_Data segment_
------

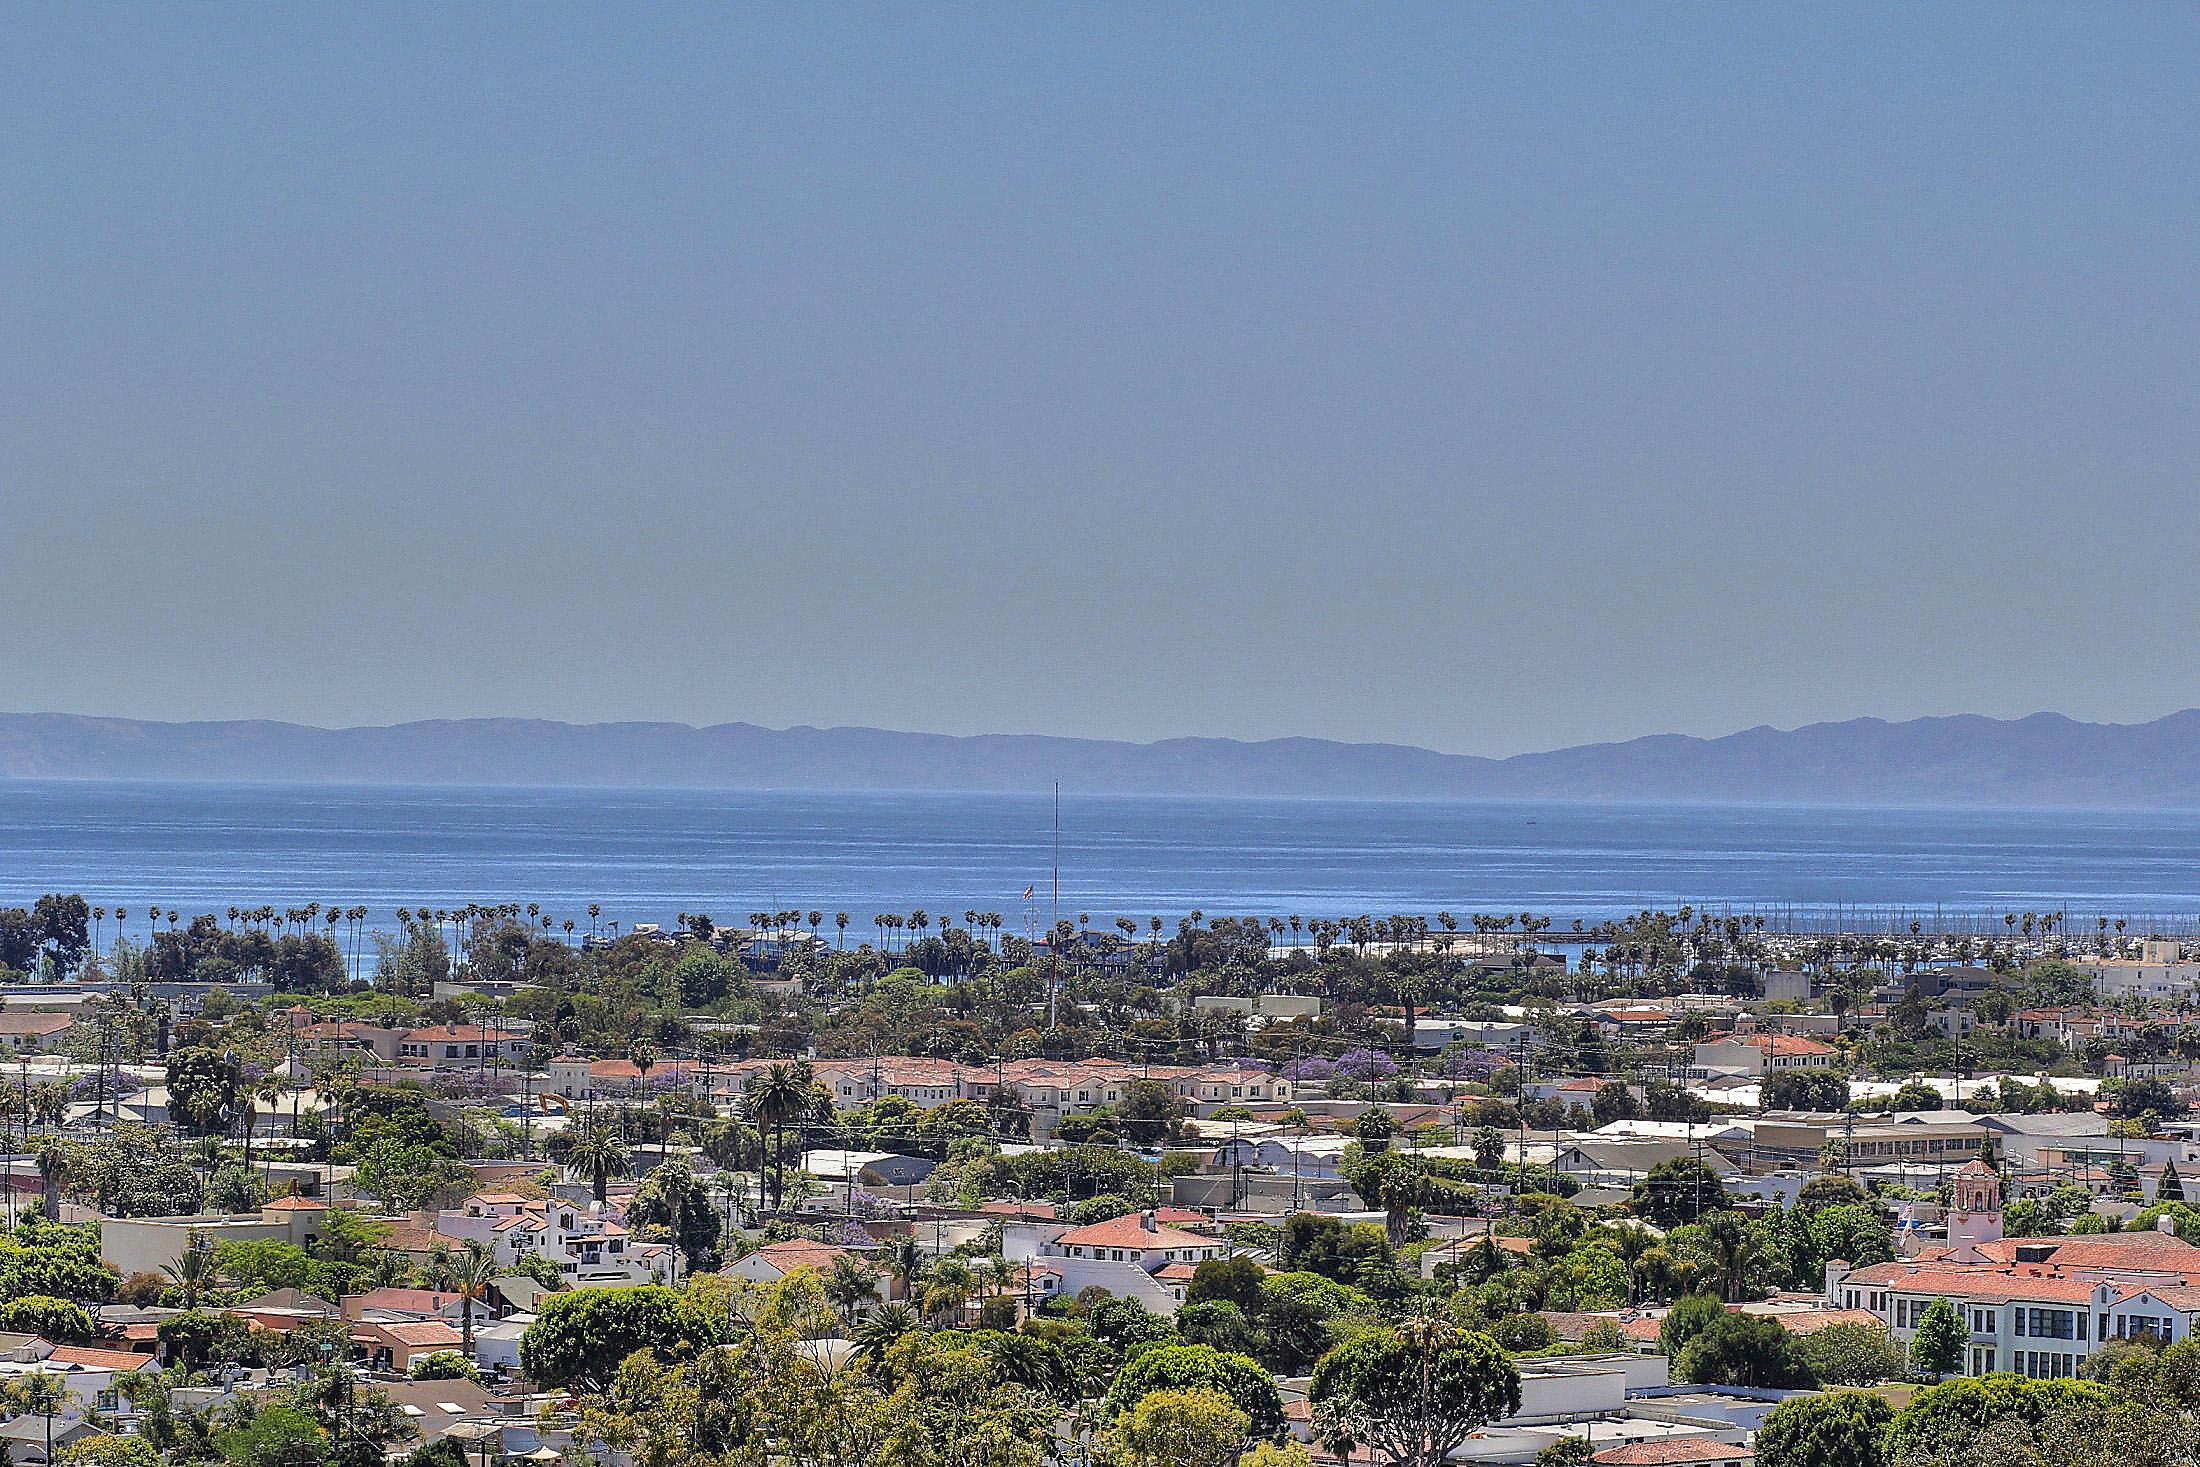 Property photo for 869 Ferrelo Pl Santa Barbara, California 93103 - 14-1539
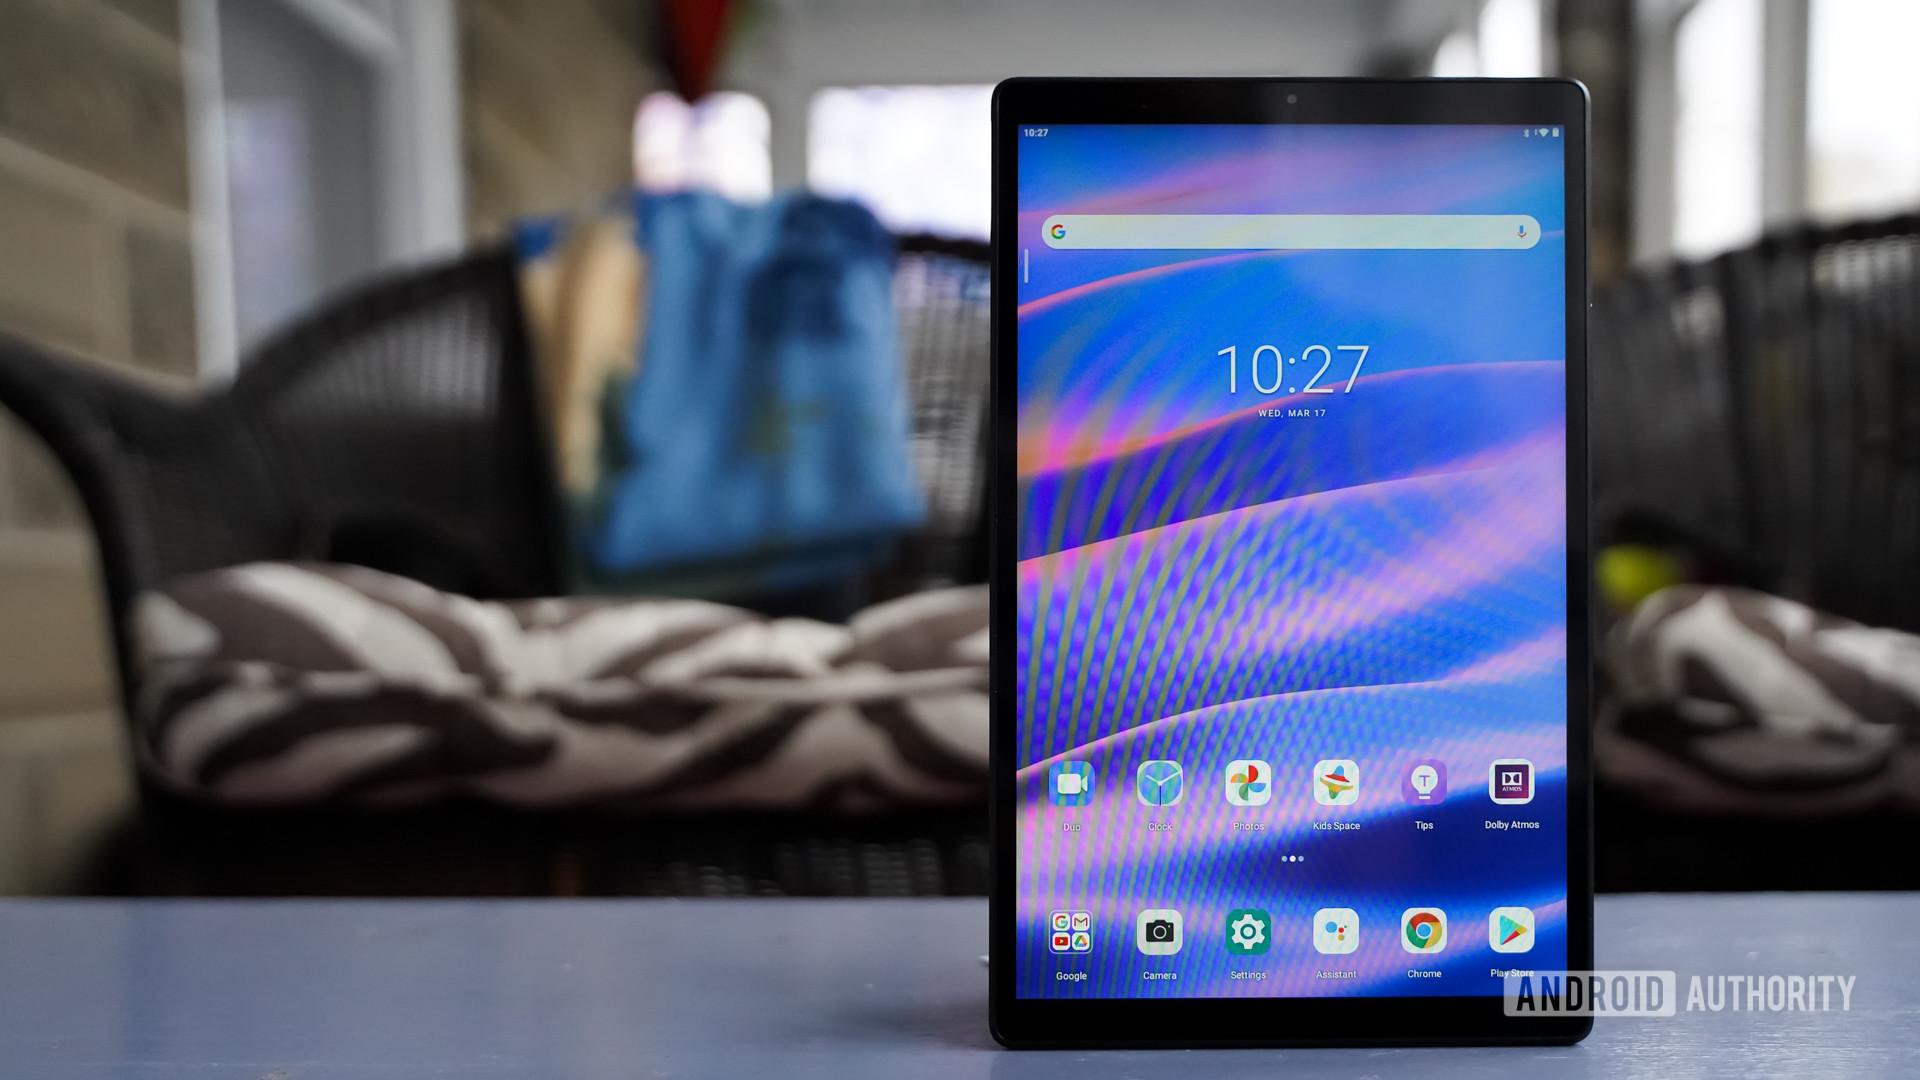 Lenovo Smart Tab M10 HD upright display
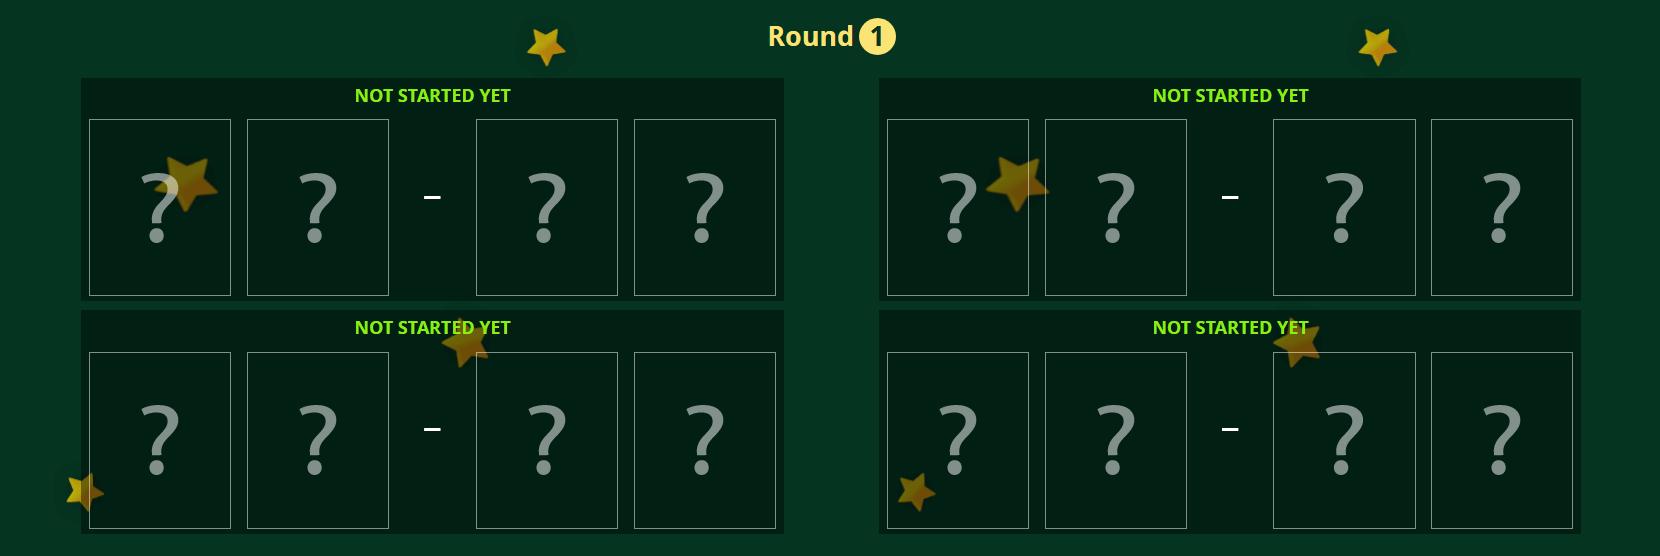 Tournament Round 1

------

_Aim of the exercise_
Produce the material above again in full, with identical lines and no pictures.

_Task solution_
 Property photo for 869 Ferrelo Pl Santa Barbara, California 93103 - 14-1539
 Lenovo Smart Tab M10 HD upright display
 Tournament Round 1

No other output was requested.